Speaking about an area I am a bit more familiar with - Australia - which 
has a population of about 19 million (mostly concentrated on the south-east 
coast): The country is one of the driest on earth with one of the oldest 
and poorest soils (nearly all the natural forests have been cleared in the 
last two hundred years). It has huge problems with topsoil loss, rising 
salinity, large-scale environmental damage etc etc. Even if the country was 
in good condition it could only reasonably support about 10 million people 
for an extended time (ignoring nanotech nirvanas).

>Poor political leadership can result in population pressure locally,
>however, when I asked a demographer if he knew of any case where mass
>starvation was not avoidable, he could not recall a single instance.

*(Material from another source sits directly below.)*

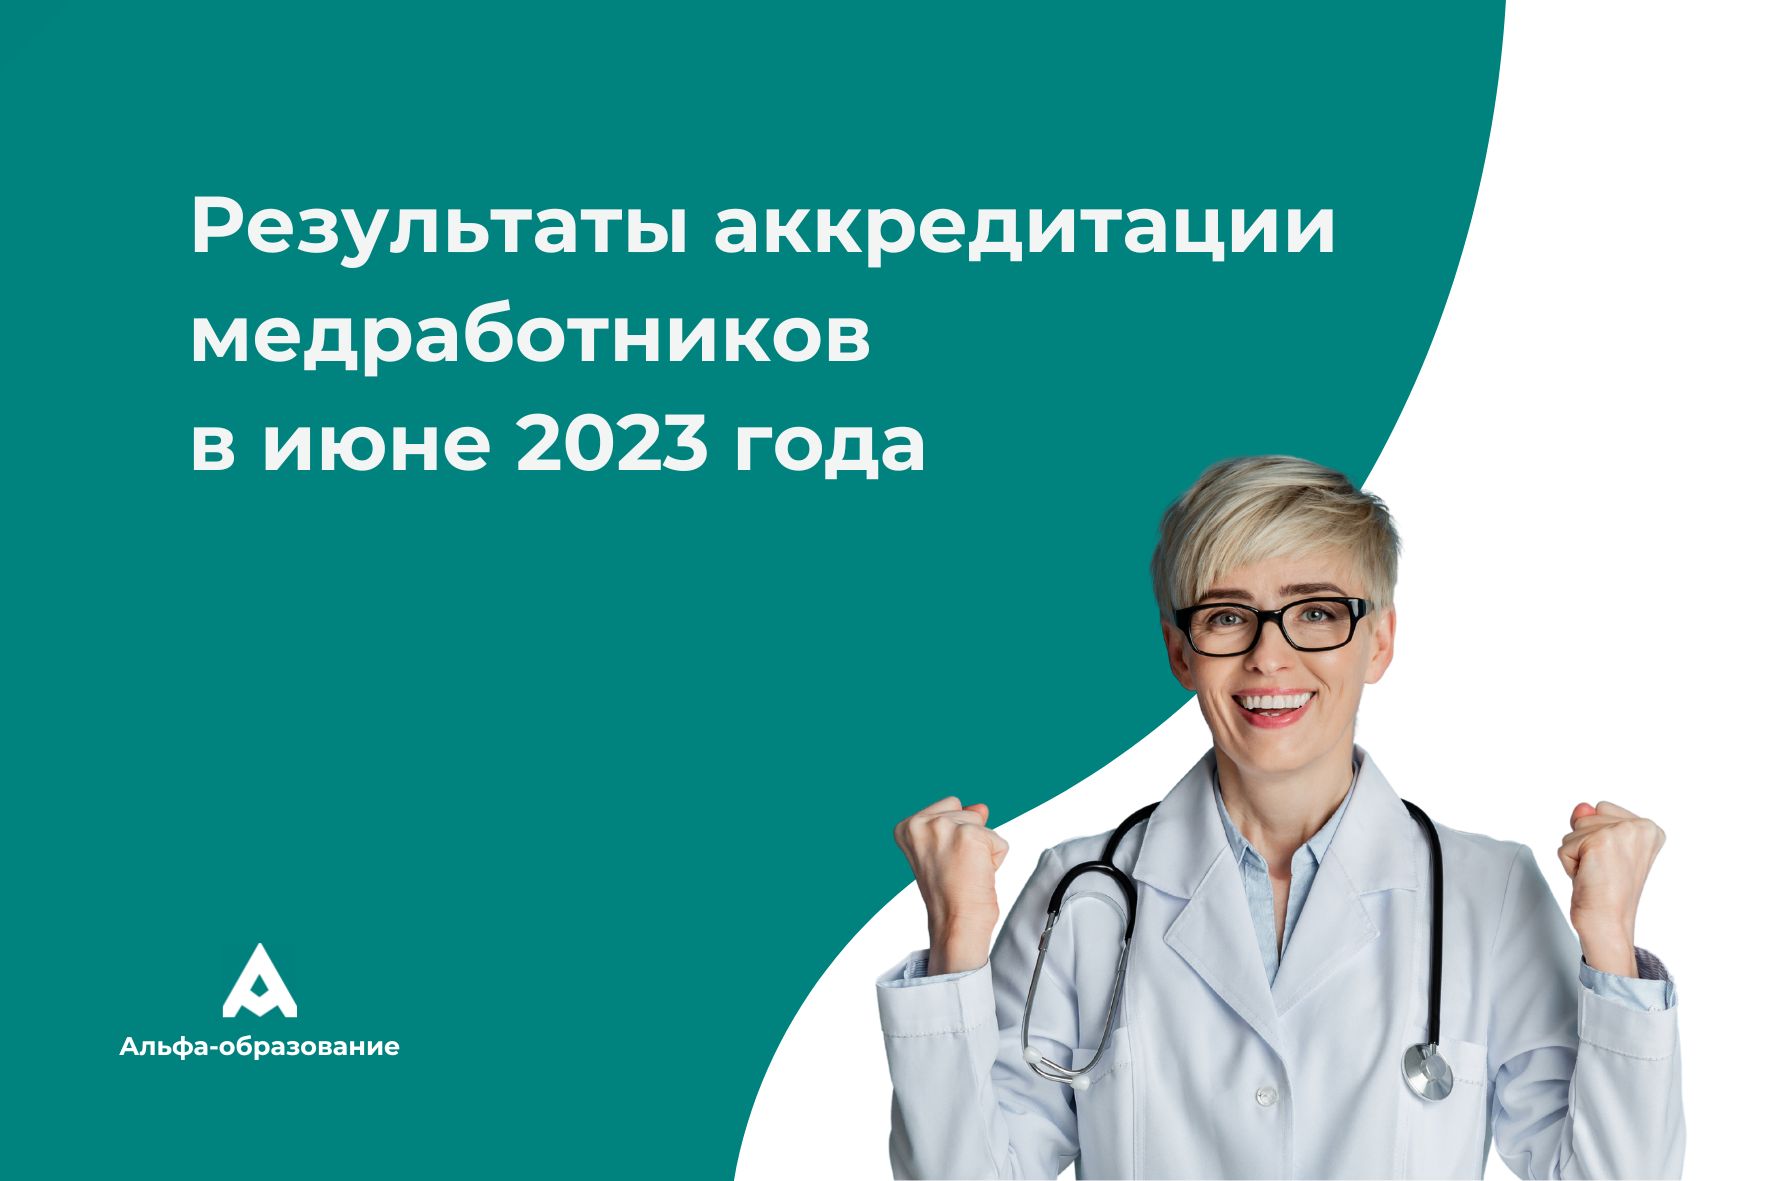 Аккредитация медработников. Аккредитация медицинских работников в 2023. Результаты аккредитации. Портфолио для аккредитации медицинских работников в 2023 году. Результаты аккредитации февраль 2024

It is one thing to have a huge number of people _just_ surviving but I am 
not interested in living shoulder to shoulder with billions of people - as 
long as political/social problems could be sorted out and population could 
be controlled we could all live extremely well with lots of open space . . 
(a bit utopian I'll admit).

>We could very well have an environmental catastrophe driven by
>economic forces running out of control. But it is more likely that
>cryostasis will be disrupted by social disorder, as people refuse to
>accept being starved to death, etc., in a world of plenty. The "IMF
>riots" following in the wake of the Structural Adjustment Program
>give an example of this.

I still say the biggest waste of resources is on the military.

Lee Corbin said:

>People cannot live without the Earth?  Yes, immense difficulties have so
>far attended all the projects that have tried to create independent
>self-sustaining habitats for human beings, but isn't it simply a question
>of when such projects will succeed?

Given enough resources I'm sure progress could be made but as a biologist I 
will say this: humans and their environments are complex systems - the 
interactions of these systems are _very_ poorly understood.  We are wiping 
out species and systems at an unprecedented rate (excluding natural 
disasters like comet strikes etc) and we are losing incredible amounts of 
valuable knowledge - knowledge that could do us as a species a _lot_ of good.

>Were the Earth to be utterly destroyed in one hundred years by a moon-sized
>asteroid, I think that humanity would survive, even if we
>were---unaccountably---limited to our current form.  Much sooner than that,
>the technology will exist to allow ordinary people to live elsewhere.

Sure, survival is one thing - living well is another - living on a moon 
with only three sorts of vegetable to eat is not my idea of a good time . .

>But then this implies that the much vaunted dependency of humanity upon our
>natural environment is frequently overstated.

You don't know what you've got till it's gone quite frequently - but in 
this case it is much worse, to a large extent we will never know what we 
have lost . .

>Moreover, there is the moral perspective.  While many praise Nature's
>terrible wastefulness, profligacy, and endless cycles of large animals
>hunting down and chewing up small animals, we should praise instead our
>human moral ideals.  We alone can envision a world in which ideas may die,
>but where creatures never suffer or die.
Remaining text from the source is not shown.